Manuel Delgado Parker (18 November 1936 – 16 September 2019) was a Peruvian entrepreneur who founded the media conglomerate Grupo RPP.

== Biography ==
Manuel was the fifth son of Peruvian businessman Genaro Delgado Brandt and Rachel Parker Murguía.

He married Frieda Nachtigall Valderrama in 1960, and with her had their children Frida, Ursula, Manuel, Claudia, Hugo and Natalia Delgado Nachtigall.

== Business activity ==
He joined Radio Panamericana in the fifties, as part of the administration of that radio station founded by his father at the beginning of the fifties.

Then he founded Radio Programas del Peru, a nation-wide radio station dedicated to the national transmission of radio-drama programs, services, and counseling.

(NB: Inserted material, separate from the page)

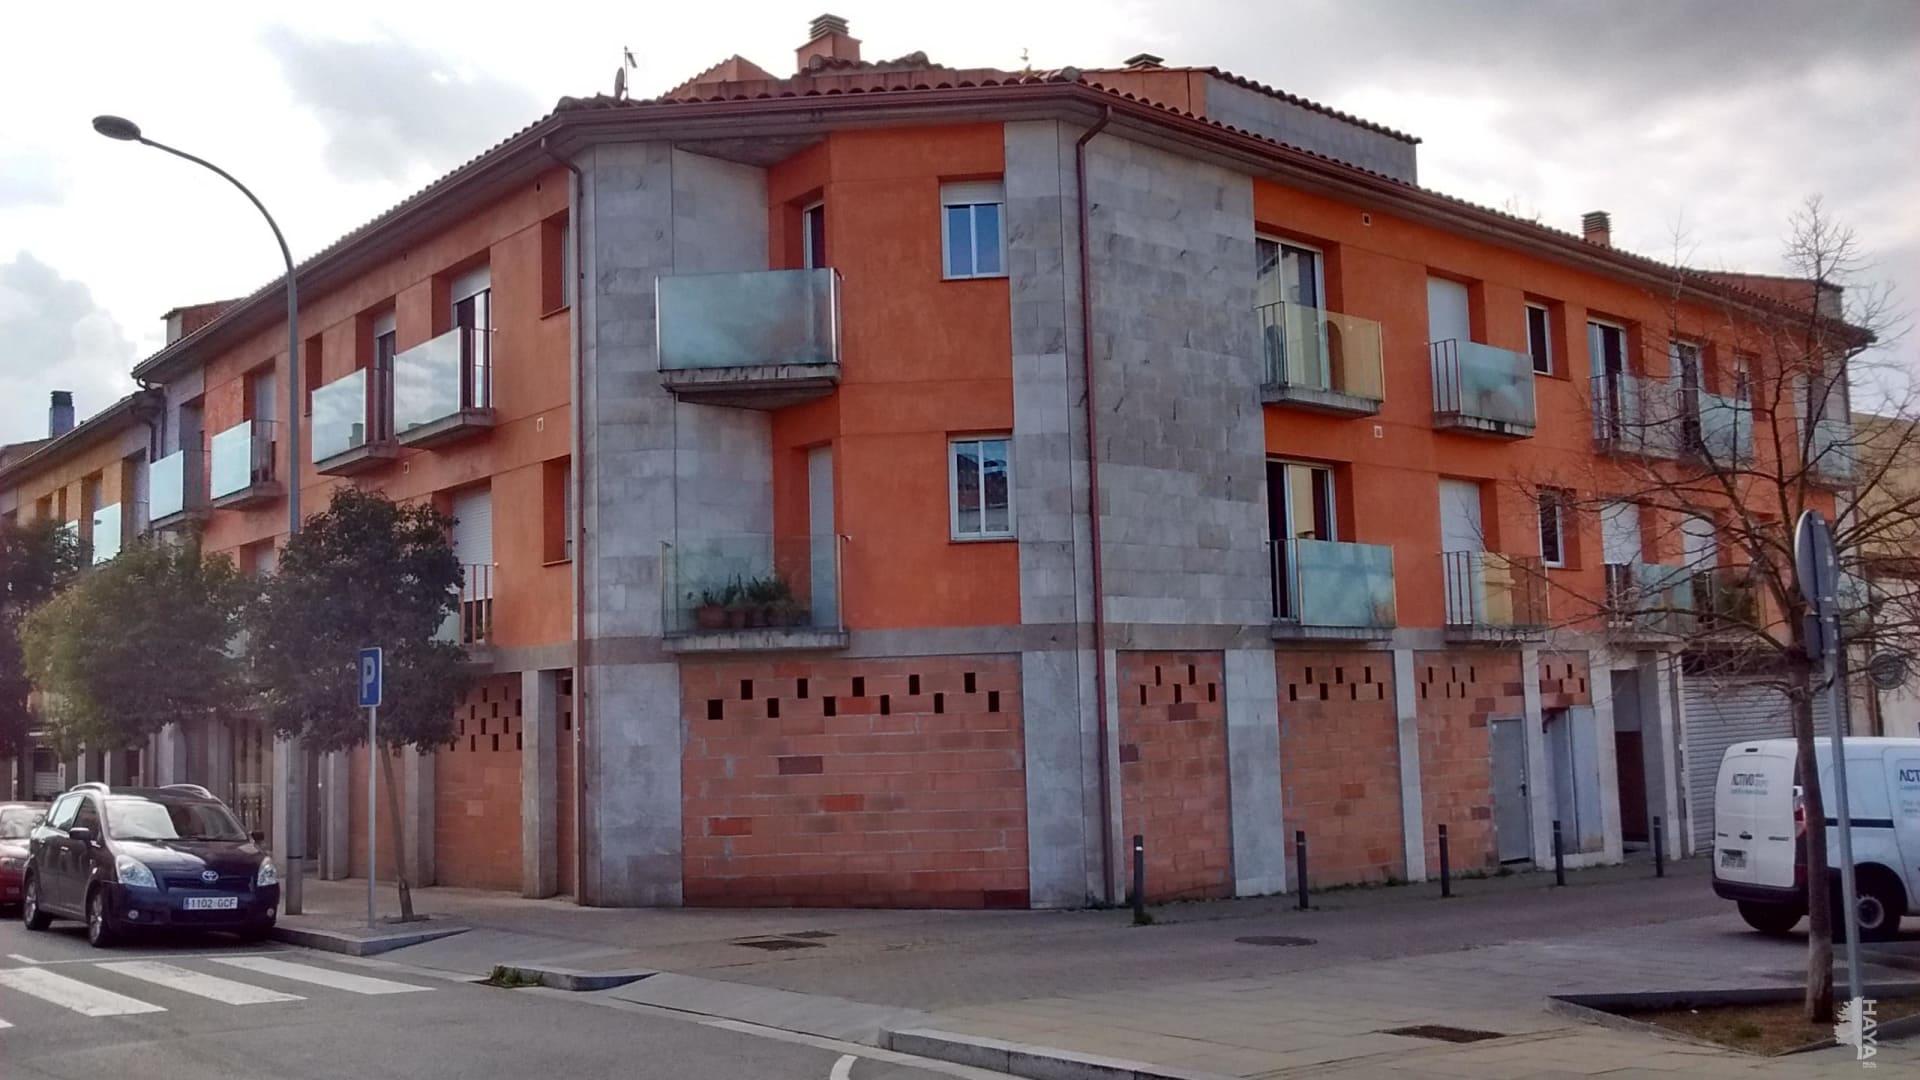 Local commercial à Roca del Vallès (La). Local en venta en la roca del vallès (barcelona) catalunya

He held the management of Panamericana Televisión from 1968 to 1971, when the Military Government took control of the media. In the years following he lived in Buenos Aires, Puerto Rico and Los Angeles, California.

Manuel returned from the US in 1979 and assumed leadership of RPP. As such he would initiate the Information Center, space which would serve to reach more people through the wide dissemination of news; this program still characterizes this radio station today.

In 1990 Manuel founded the Society of Latin America Broadcasting, made up of the main radio networks of Ecuador, Colombia, Venezuela Bolivia and Argentina. He was responsible for leading Panamericana Televisión during the nineties and remained as the main shareholder of this channel until he sold his shares to boost the formation of RPP Group, a company which he currently manages. In addition, he founded in the US, together with his brother Hector Delgado Parker, the international Peruvian television network Sur Perú, aimed at the Peruvian community in that country.